Следователи приподнялись с кресел:
— Искандер, правитель времен Последней войны? Вы хотите сказать, человек, в честь которого названа одна из лучших площадей города, был сумасшедшим?
— А разве площади нельзя называть в честь сумасшедших? Он уже был старым, седым человеком. Полюбил меня — наверное, за мою историю. И рассказал мне свою…
…Палата в больнице Блаженных Братьев. На зарешеченном окне — растянутый огородным пугалом халат господина Искандера; сам господин, седой и голый, сидит на железной кровати. Рядом, по-турецки, — молодой Калиниченко. Рассказывает Искандер:
— Произошла эта глупость, значит, в один из последних дней войны. Тогда союзники — не знаю зачем — решили нас и весь наш город разбомбить. Повскакивали на свои самолеты, те — уже с бомбами, и летят.
Господин Искандер растопыривает толстые пальцы самолетиком и взлетает над своим оплывшим животом: у-у-у… Калиниченко угрюмо слушает, чертя пальцем на полу.
— Короче, подлетают и начинают бомбить. Ба-бах! ба-бах! Я в бункере с генералами сижу, все трясется, любовницы генеральские кричат… Глупость полная.
Калиниченко, переставая чертить:
— Как же? Бомбардировщики же не долетели! Сбили их… и бомбы — не на наш город упали, а мимо… я читал. И в школьном учебнике истории…
Господин Искандер:
— Учебники истории пишутся не для того, чтобы научить школьников истории, а для того, чтобы научить их привыкать к вранью… Долетели, дьяволы.

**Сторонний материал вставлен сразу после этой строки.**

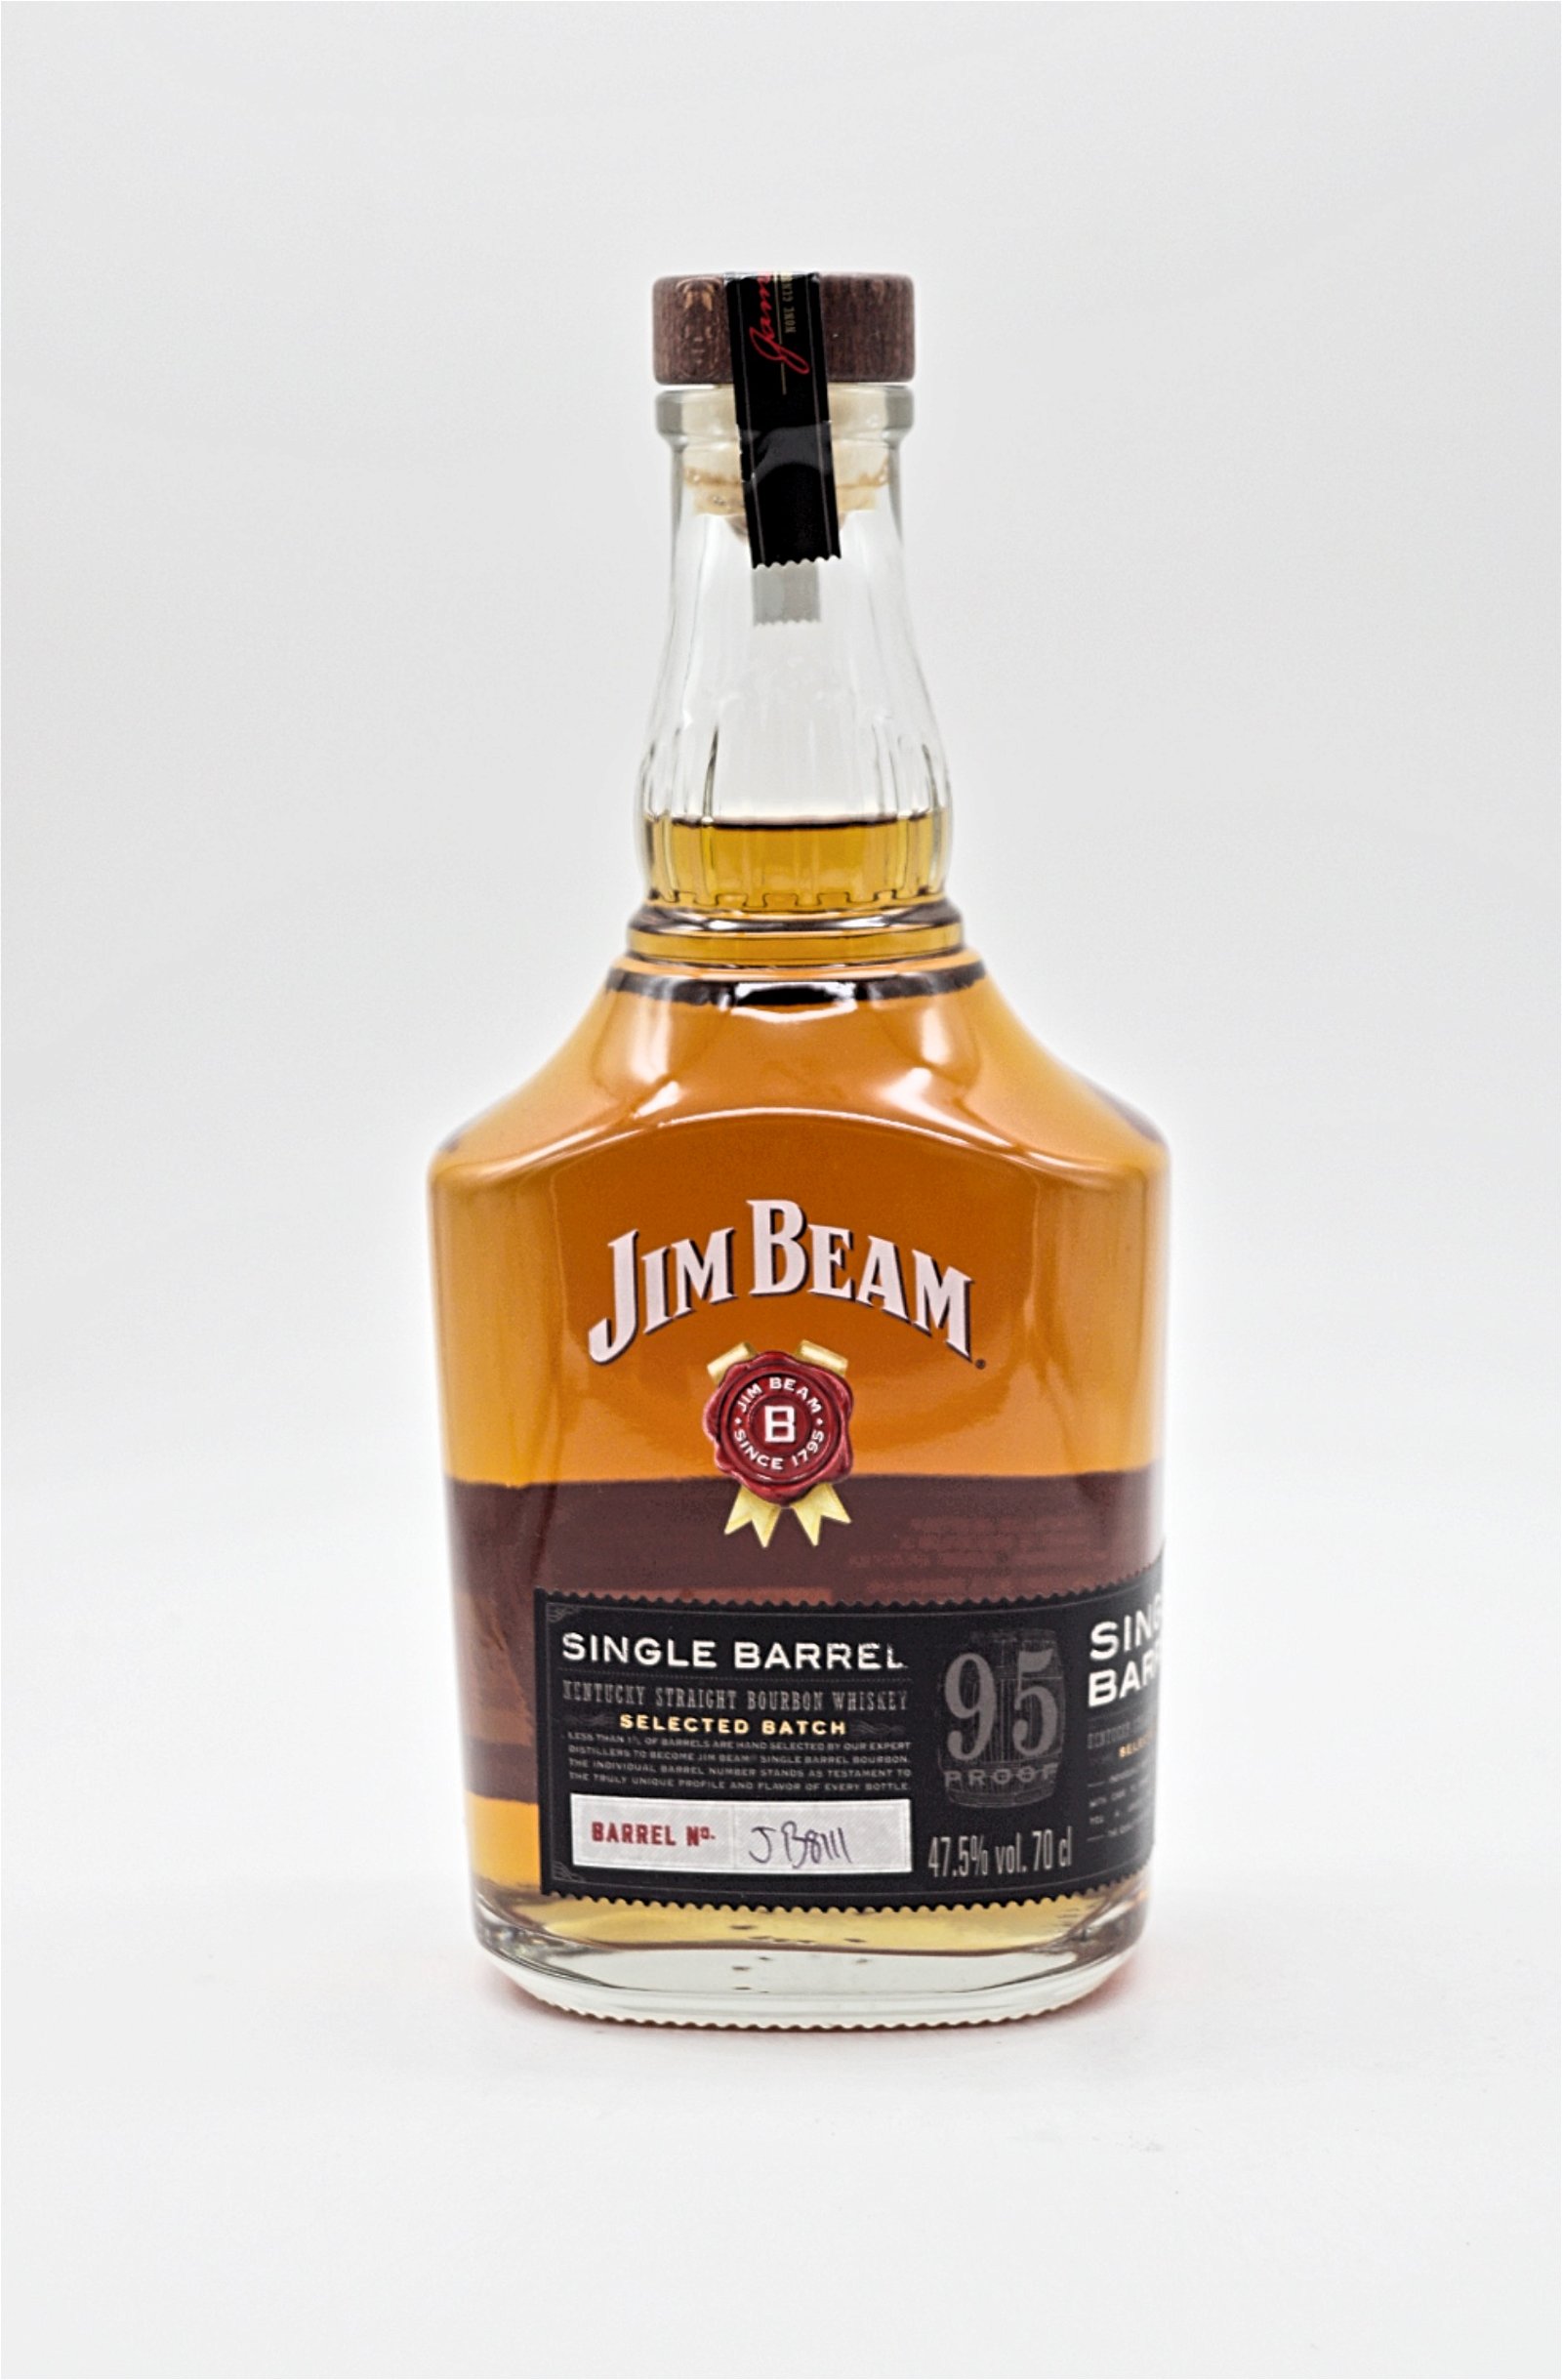 Jim Beam Single Barrel Kentucky Straight Bourbon Whiskey Selected Batch 95 Proof

И бомбы старательно сбрасывали. Ба-ах — Армянский квартал всмятку… Ба-
бах — бани Иезуитов горят… Что ты на меня таращишься — так и было, нам в бункер сверху докладывали… Сижу, пыль глотаю, хор генеральских жен и любовниц за стеной распевается во все матерное горло… И тут ко мне, знаешь, — господинчик такой, прямо из непонятно откуда выплывает. В лице бледность, одежда гражданская, но с какой-то подковыркой. Особенно парик на голове, какой, может, только в музеях и носят. Белый, и косичка сзади — очень смешная косичка. Вот он ко мне вежливо и подходит. Знаешь, кем представляется?
— Кем?
— А ты что глазами засверкал — догадываешься, что ли? Да… Я, говорит, дух этого города. Так мне в лицо и декларирует: дух. Тут, говорит, страшная мне неприятность вышла — бомбы летят и все исторические достопримечательности идут коту под хвост. Люди невиноватые гибнут… хотя людей еще нарожать можно, а шедевры архитектуры уже не нарожаешь, как ни тужься. Или же такай новодел получится, что им никто хоть под дулом пистолета любоваться не захочет. Поэтому, говорит, есть у меня к вам чисто деловое предложение. Я обещаю все с этой бомбежкой уладить и сохранить в прежнем виде, будто ее и не было. Как я это сделаю — уже моя забота. Только вы со своей стороны тоже будьте добры мне две вещи гарантировать.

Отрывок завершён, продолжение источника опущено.